Und Neshat macht ihn Teheran eine „lebendige, sich befruchtende Szene aus“,
die auch zu ungewöhnlichen Mitteln
greife, um Geschichten zu erzählen. „In
harten Zeiten wächst das künstlerische
Bewusstsein.“ Gespannt ist sie daher
auf den Film „Pardé“ ihres Landsmann
Jafar Panahi: In Teheran steht er unter
Hausarrest und Berufsverbot, konnte
seinen neuen Film aber dennoch in den
Berlinale-Wettbewerb bringen. Einen
Sonderbonus aber bekomme Panahi
dennoch nicht, sagt Neshat: „Wir beurteilen den künstlerischen Wert.“
Dies aber aus einer optimistischen
Grundhaltung heraus: „Uns geht es
nicht ums Urteilen, sondern ums Feiern
von Filmen, wir sehen uns als Botschafter des Kinos“, sagte der wie immer
sonnenbebrillte Wong Kar Wai.
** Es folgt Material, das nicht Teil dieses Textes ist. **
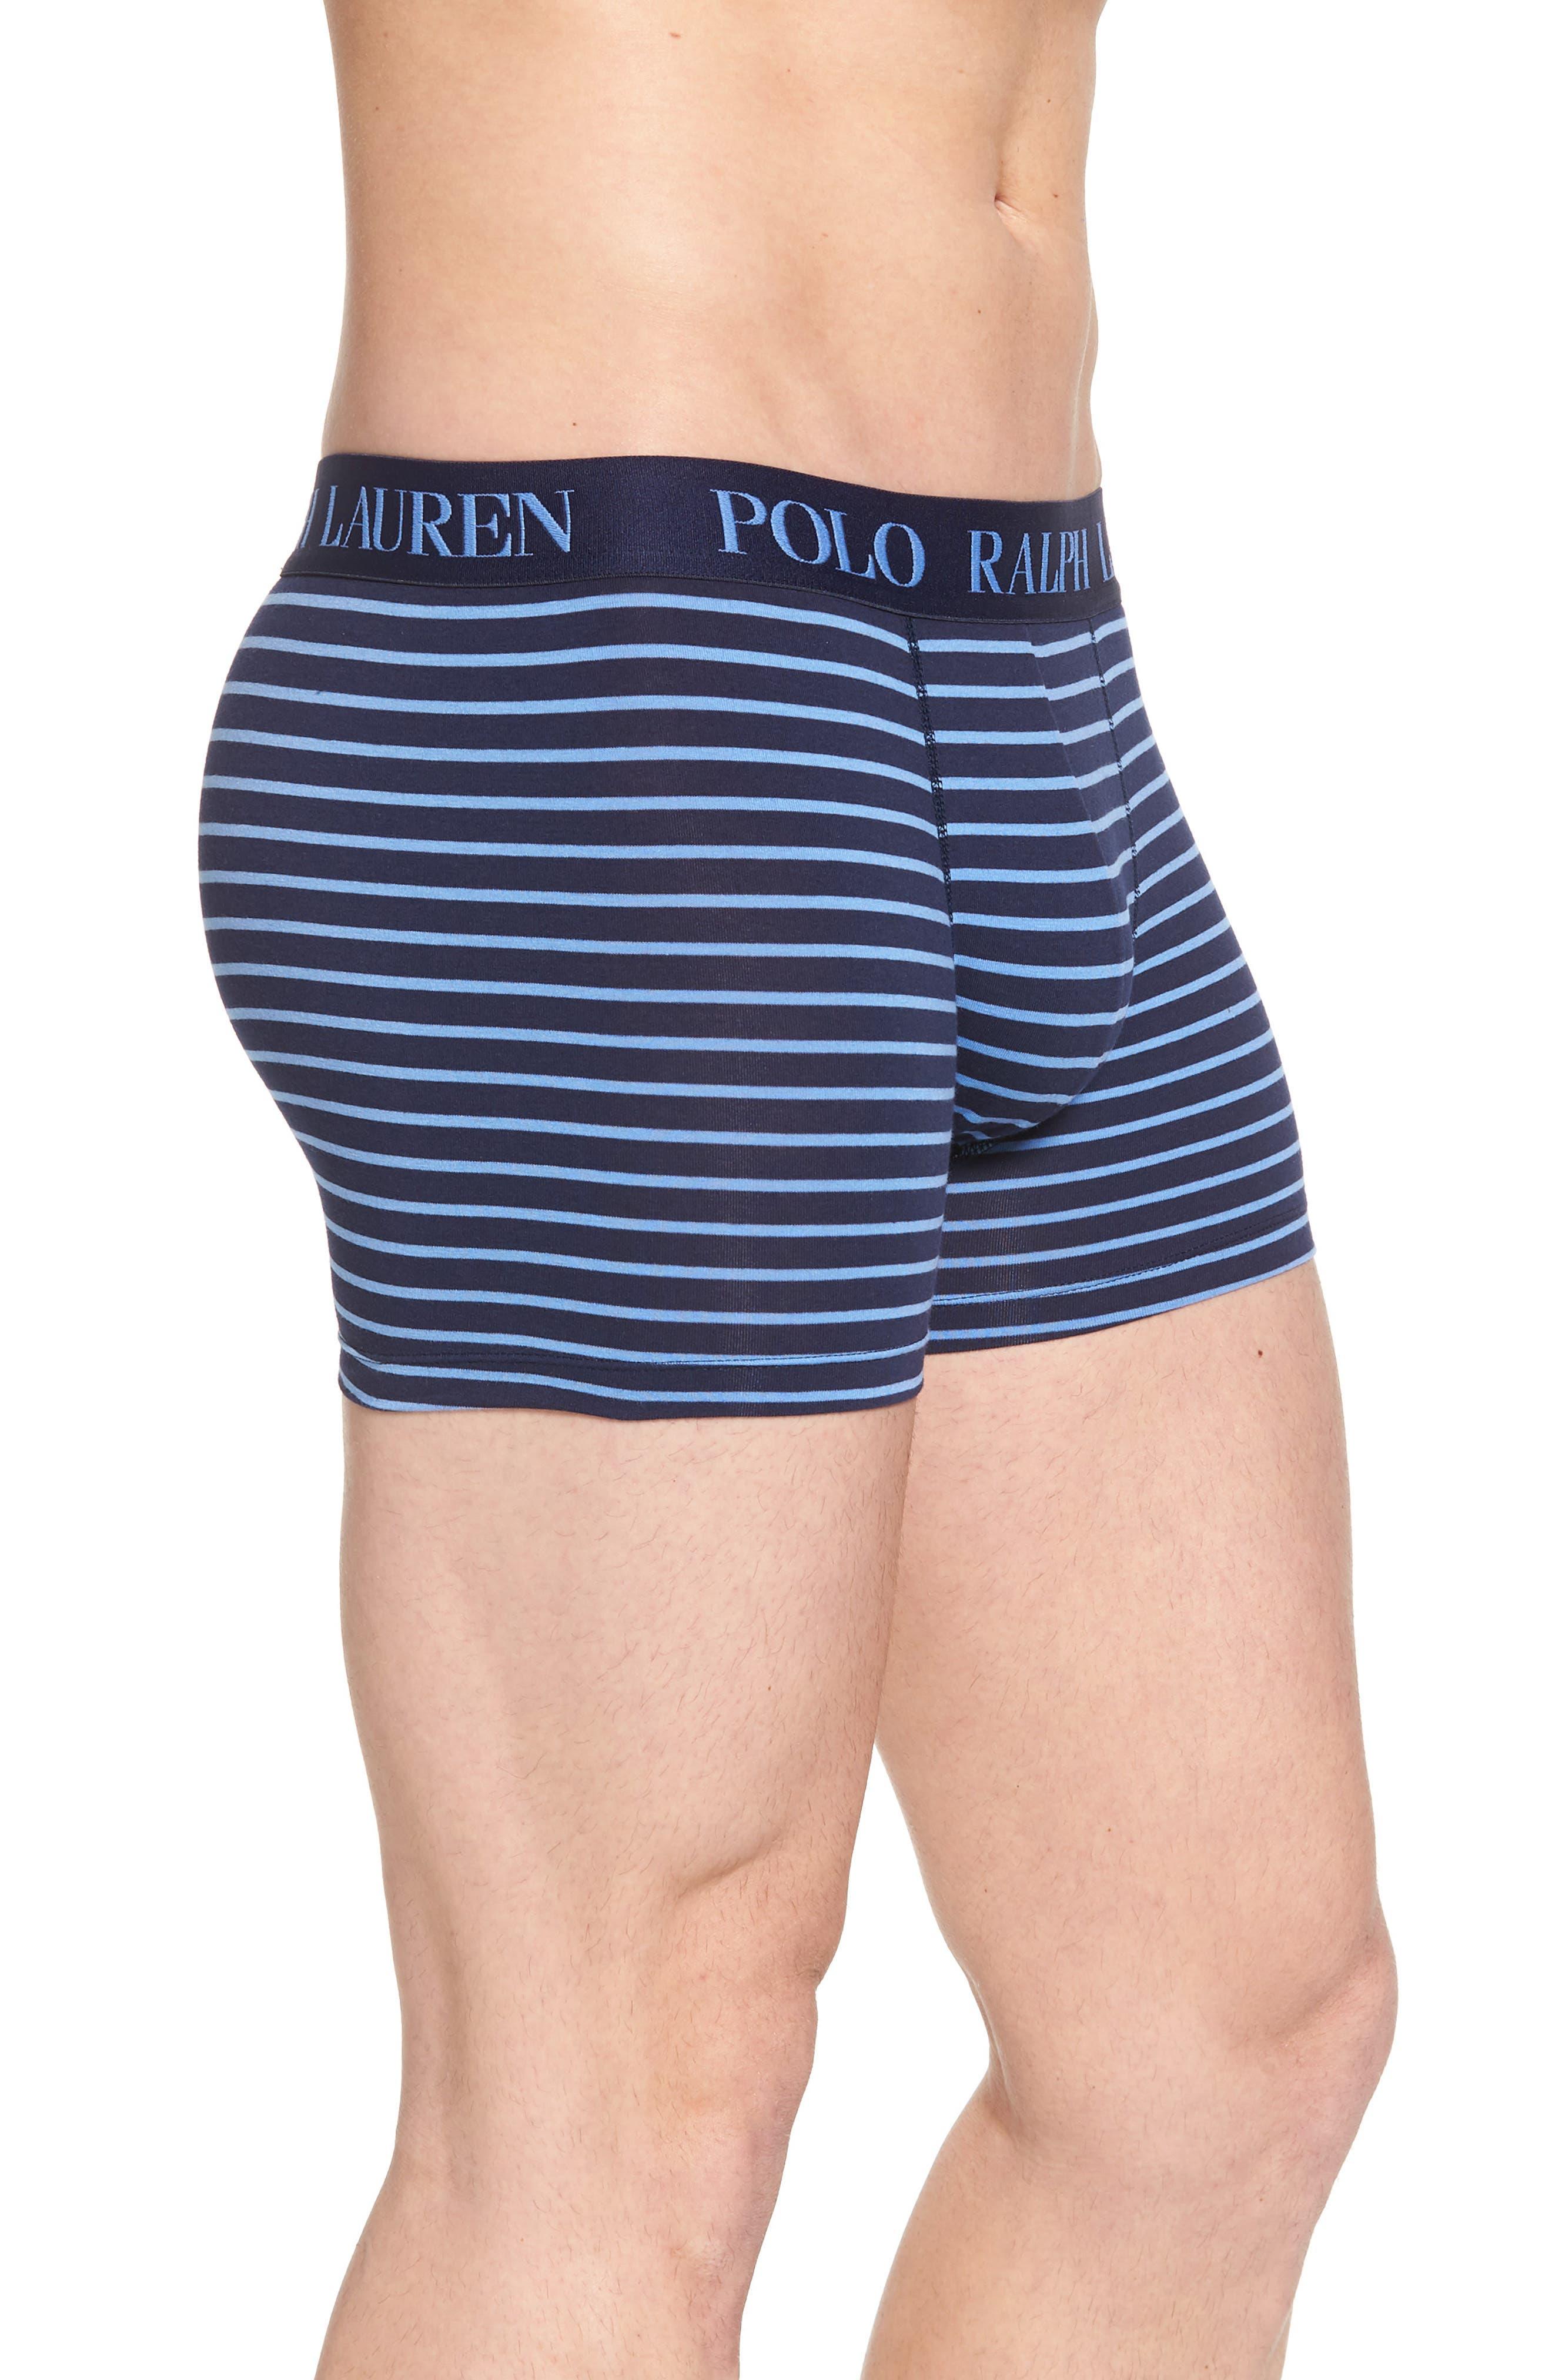 2-Pack Comfort Cotton Boxer Briefs,                             Alternate thumbnail 4, color,                             Cruise Navy/ Harbour Island

Und die
Wettbewerbsfilme – 19 sind es dieses
Jahr, „The Grandmaster“ lief außer Konkurrenz, – dürfen gern sperrig sein, sagte die Dänin Susanne Bier, die für „In einer besseren Welt“ einen Auslands-Oscar gewann. Wong Kar Wai habe sie zugleich darauf eingeschworen, bei den
Jury-Diskussionen nichts Negatives
herauszustellen, sondern nur über die
guten Seiten einer Arbeit zu sprechen.
Kuschelig geht es also in der Jury zu:
Aber wenn sechs Regisseure beieinandersitzen, die wissen, wie hart ein jeder
Autorenfilmer oft kämpft, ist freundlicher Respekt auch verständlich.
Auch eine Großmeisterin des Kung Fu: Zhang Ziyi in Wong Kar Wais „The
Grandmaster“, dem Eröffnungsfilm der 63. Berlinale.